- Genre: Adventure Drama
- Written by: Michael Berk Joseph Fineman Douglas Schwartz
- Directed by: Guy Green
- Starring: Lindsay Wagner Jane Wyman
- Music by: Gerald Fried
- Country of origin: United States
- Original language: English

Production
- Executive producer: Ron Samuels
- Producer: Paul B. Radin
- Production location: Nevada City, California
- Cinematography: Al Francis
- Editor: G. Pat Clark
- Running time: 145 minutes
- Production company: Columbia Pictures Television

Original release
- Network: CBS
- Release: January 2, 1979

= The Incredible Journey of Doctor Meg Laurel =

The Incredible Journey of Doctor Meg Laurel is a 1979 American made-for-television medical drama film directed by Guy Green, starring Lindsay Wagner and Jane Wyman, with a supporting cast including Andrew Duggan, Gary Lockwood, Brock Peters, John Reilly, Dorothy McGuire and James Woods. The film was originally broadcast on CBS on January 2, 1979.

==Plot==
In 1932, Meg Laurel, a bold-spirited doctor who graduates Harvard Medical School, gives up the comfort and security of her husband, home, and her practice in Boston. Her mission is to return to her hometown in the Blue Ridge Mountains and help the Appalachian people using modern medical techniques she learned in the big city.

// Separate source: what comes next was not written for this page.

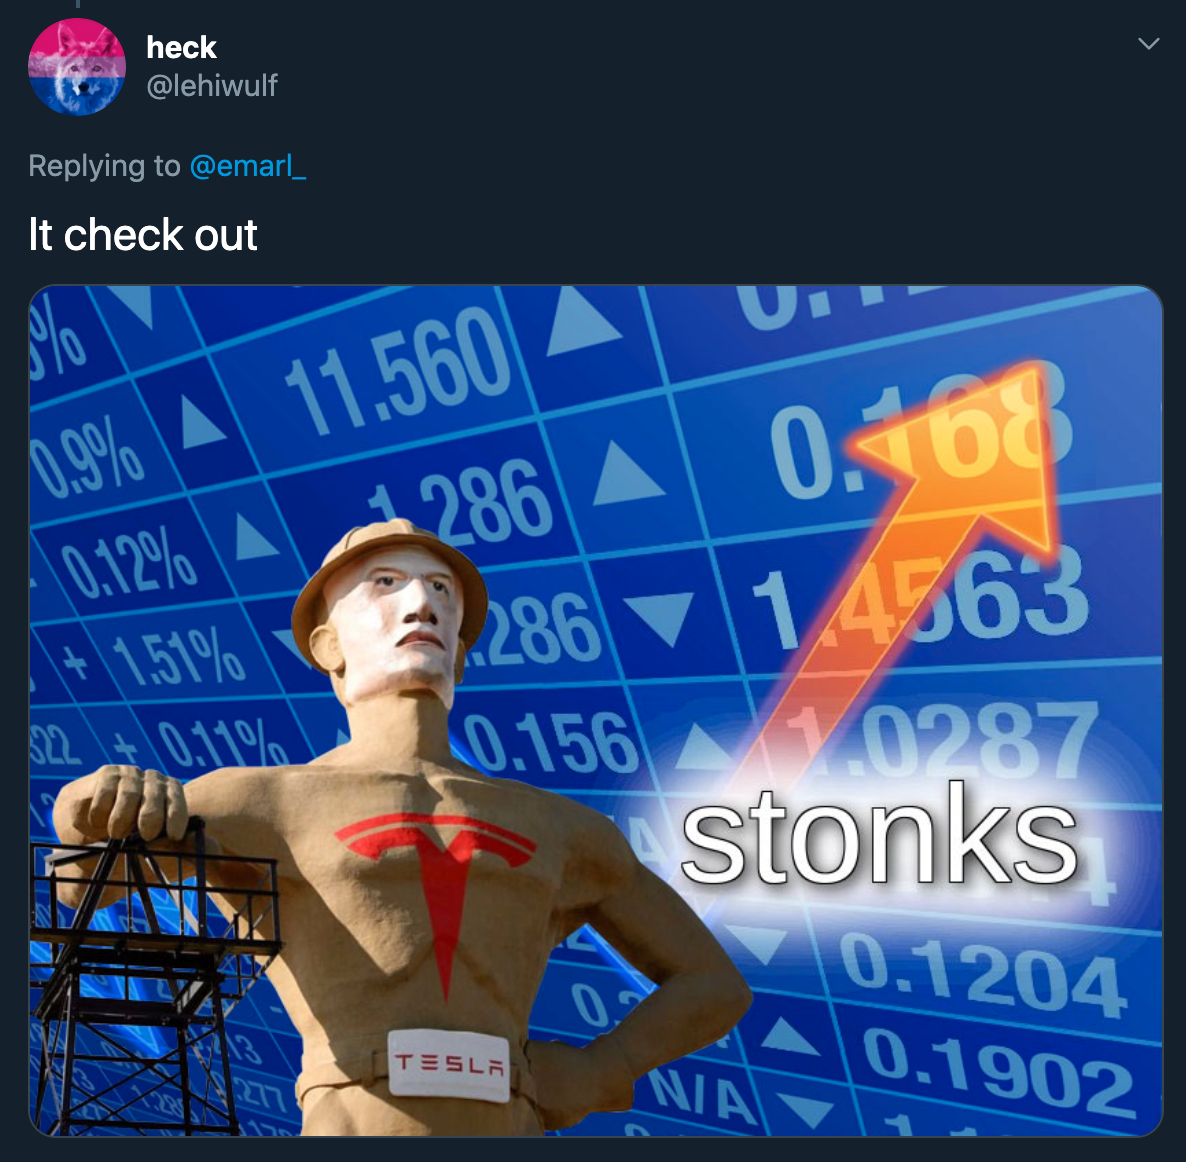 It check out - elon musk statue stonks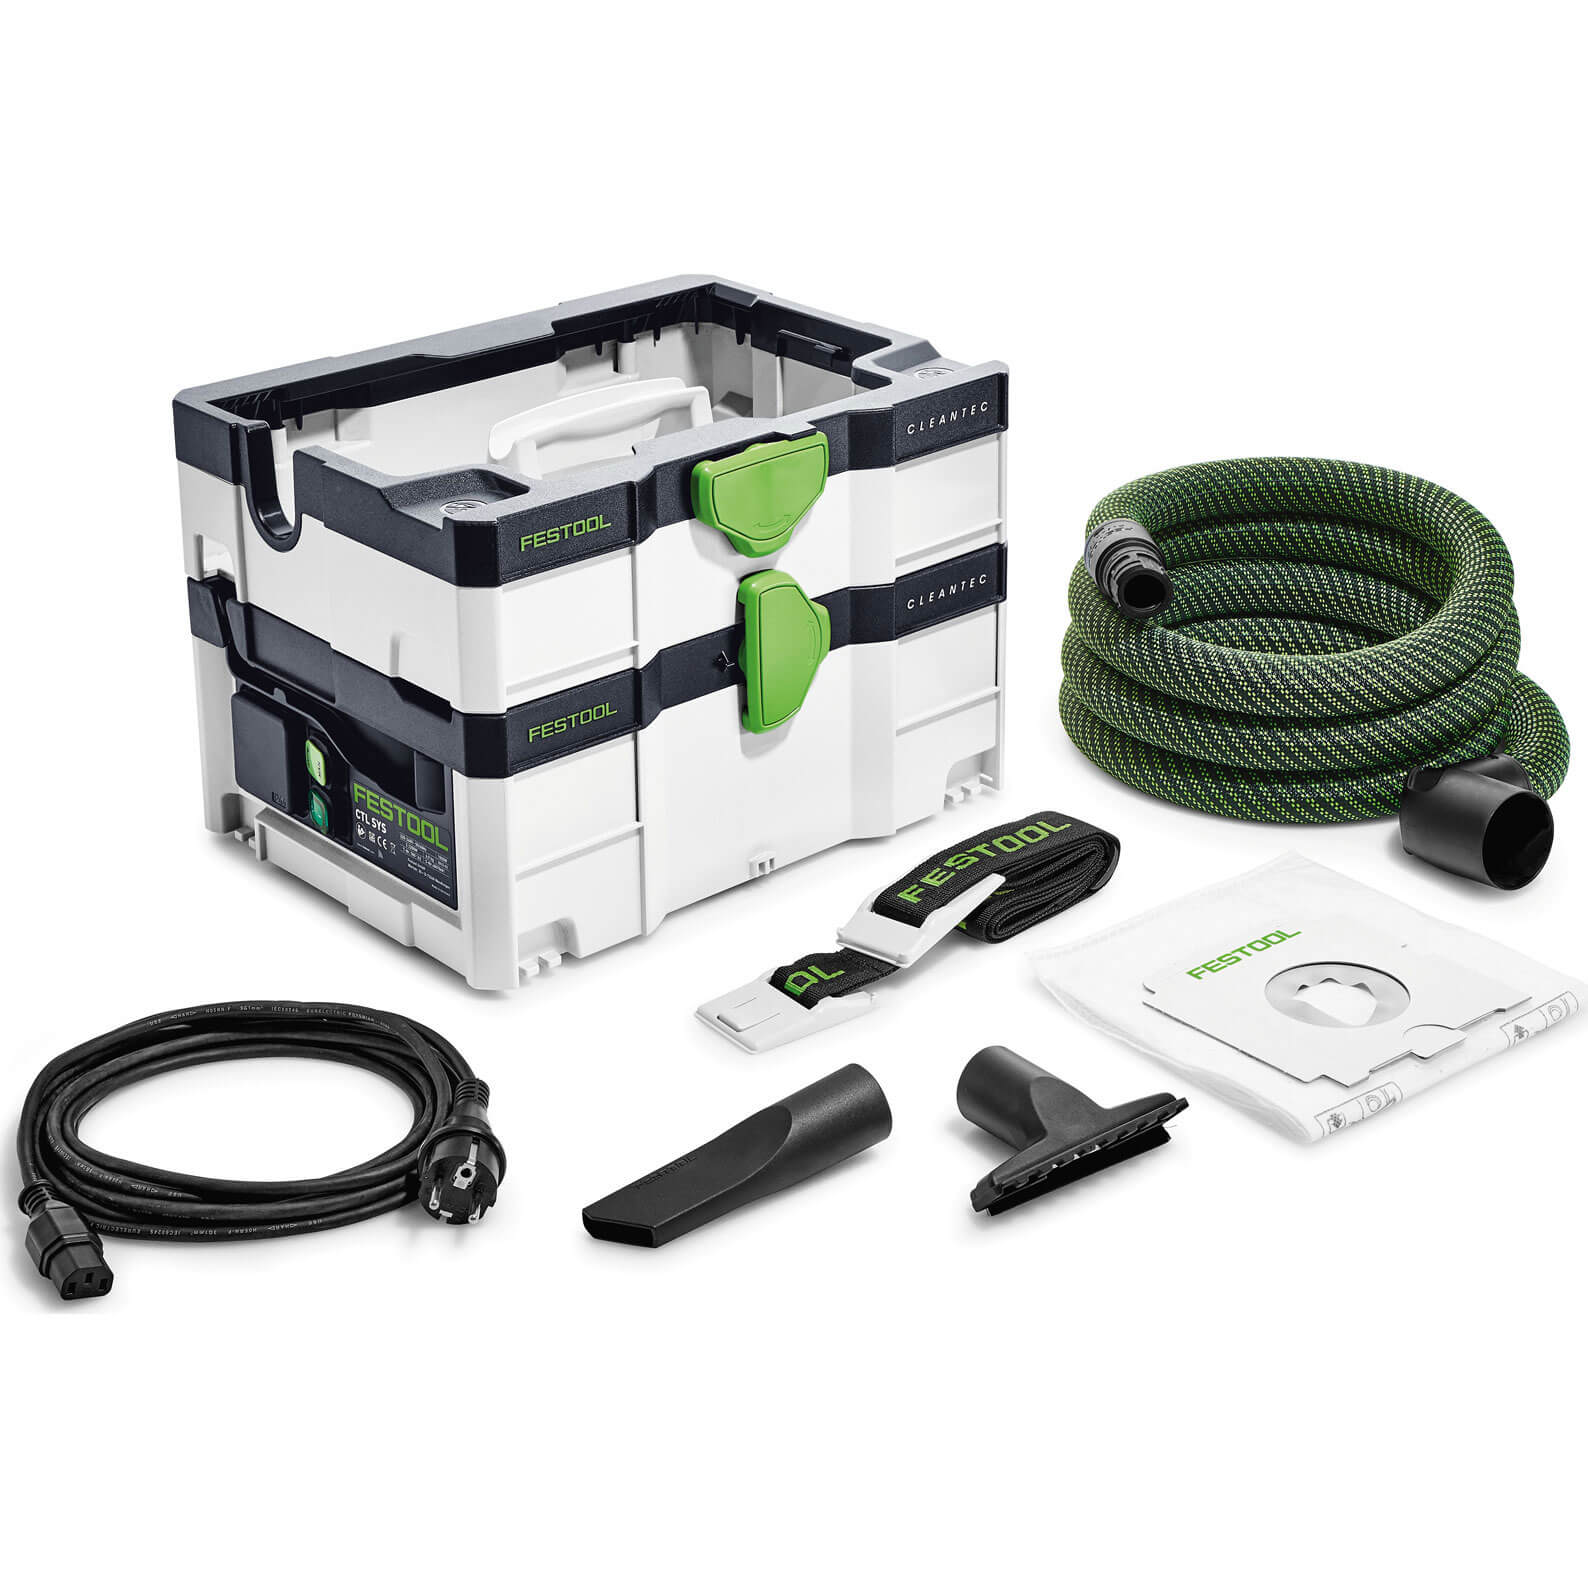 Photos - Vacuum Cleaner Festool CTL SYS Cleantec Mobile Dust Extractor 240v 575284

Meg's quest meets bitter opposition, however, by those unprepared to give up their antiquated ways for her miracle drugs. Administering medical aid to the residents of Eagle's Nest is a dramatic struggle, as Meg becomes the rival of Granny Arrowroot, a local medicine woman who is not pleased with Meg's arrival and does not trust the modern science. Tragedy nears when one man's refusal to accept Meg's methods of doctoring for his ailing daughter almost brings ruin to Meg's plans and the death of his child.

==Cast==
- Lindsay Wagner as Meg Laurel
- Jane Wyman as Granny Arrowroot
- Andrew Duggan as Judge Adamson
- Gary Lockwood as Harley Moon
- Brock Peters as Joe
- John Reilly as Thom Laurel
- Charles Tyner as Doug Slocumb
- James Woods as Sin Eater
- Dorothy McGuire as Effie Webb
- Woodrow Parfrey as Messerschmidt
- Peggy Walton-Walker as Mrs. Slocumb
- Kath Soucie as Becca
- Tracey Gold as Laurie Mae Moon

==Home media==
On March 4, 2011, The Incredible Journey of Doctor Meg Laurel was released on DVD in Region 1. This is a Manufacture-on-Demand (MOD) release, available exclusively in the US as part of the Sony Pictures Choice Collection in partnership with Warner Bros. online store.